This code works nicely for generating plots of multiple data sets, but there is now a lot of code to digest in our script. Picture yourself looking at this code for the first time. Would it be immediately clear to you where are arguments are handled and where plots are generated?

It would be nice to break this work into clear chunks of code. This can be accomplished by making the argument checking section and the body of the for loop their own functions. This requires surprisingly few changes to the code, but makes it much more clear. This process is called refactoring.

Exercise: make a refactoring plan

Given the guidance above, talk with your neighbors about which parts of the script should be moved into functions. Try to think of ways to make the functions the most reusable on their own.

Solution

A possible solution:

  1. A function that parses the arguments
  2. A function that makes the plots
  3. A function that calls the other functions

This isn’t the only “right” solution, but a reasonable way to split things up

Let’s refactor our script

Create a Branch

Because we’re making a major change, let’s make a new branch to work in.

$ git checkout -b refactor

Let’s break the code into 4 functions:

Below is a template that will help you write these functions. The """ syntax indicates a multi-line comment. If these comments are the first thing in a function, they are known as a Docstring.

import sys
import glob
import pandas
# we need to import part of matplotlib
# because we are no longer in a notebook
import matplotlib.pyplot as plt


def parse_arguments(argv):
    """
    Parse the argument list passed from the command line
    (after the program filename is removed) and return a list
    of filenames.

    Input:
    ------
        argument list (normally sys.argv[1:])

    Returns:
    --------
        filenames: list of strings, list of files to plot
    """


def create_plot(filename):
    """
    Creates a plot for the specified
    data file.

    Input:
    ------
        filename: string, path to file to plot

    Returns:
    --------
        none
    """


def create_plots(filenames):
    """
    Takes in a list of filenames to plot
    and creates a plot for each file.

    Input:
    ------
        filenames: list of strings, list of files to plot

    Returns:
    --------
        none
    """


def main():
    """
    main function - does all the work
    """



# call main
main()

Adding Docstrings

In an effort to create human-readable code. It is common to include a “docstring” or “Python Documentation String”, at the top of each function that clearly lay out three things: the purpose or objective of the function, a description of the inputs and their datatypes, and a description of what is returned and their data types. By including these things, debugging later on is much more efficient because now the developer knows the starting point (inputs), endpoints (returns), and what the intended change is (purpose).

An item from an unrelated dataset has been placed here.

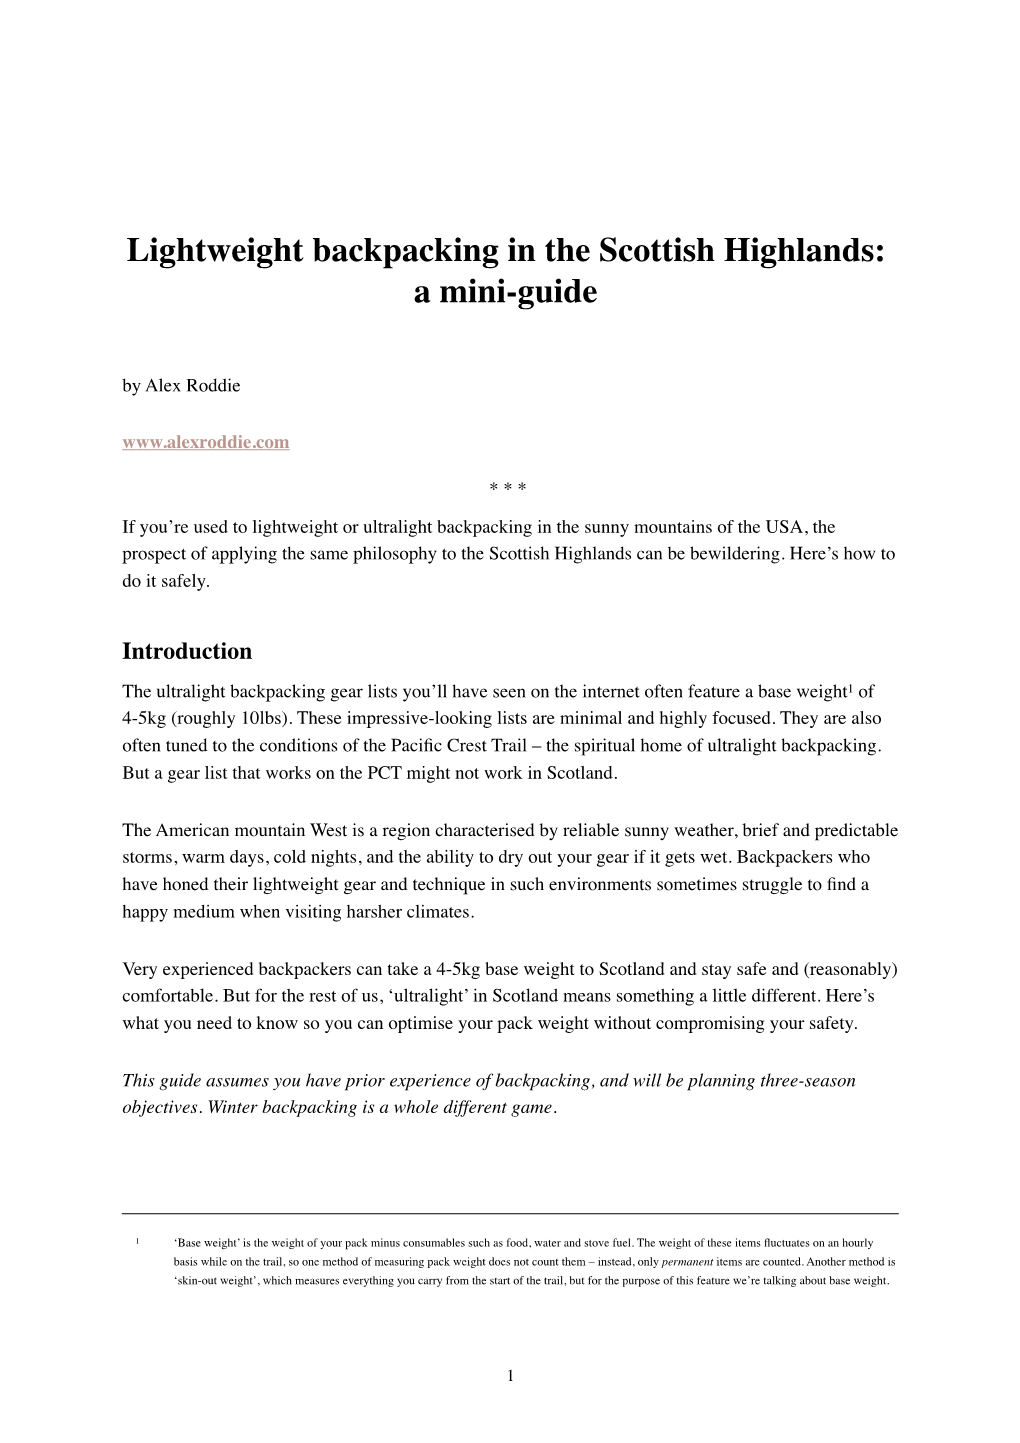 Lightweight Backpacking in the Scottish Highlands: a Mini-Guide

Let’s move the code into the functions now:

Exercise: refactor the code

Now that we have a plan for refactoring and a template to work from, create a new script called refactored_gdp_plot.py. Paste the template from above into the new script. Then copy and paste the code from gdp_plot.py script into the corresponding functions.

Solution

import sys
import glob
import pandas
# we need to import part of matplotlib
# because we are no longer in a notebook
import matplotlib.pyplot as plt


def parse_arguments(argv):
    """
    Parse the argument list passed from the command line
    (after the program filename is removed) and return a list
    of filenames.

    Input:
    ------
        argument list (normally sys.argv[1:])

    Returns:
    --------
        filenames: list of strings, list of files to plot
    """
# make sure additional arguments or flags have
    # been provided by the user
    if argv == []:
        # why the program will not continue
        print("Not enough arguments have been provided")
        # how this can be corrected
        print("Usage: python gdp_plots.py <filenames>")
        print("Options:")
        print("-a : plot all gdp data sets in current directory")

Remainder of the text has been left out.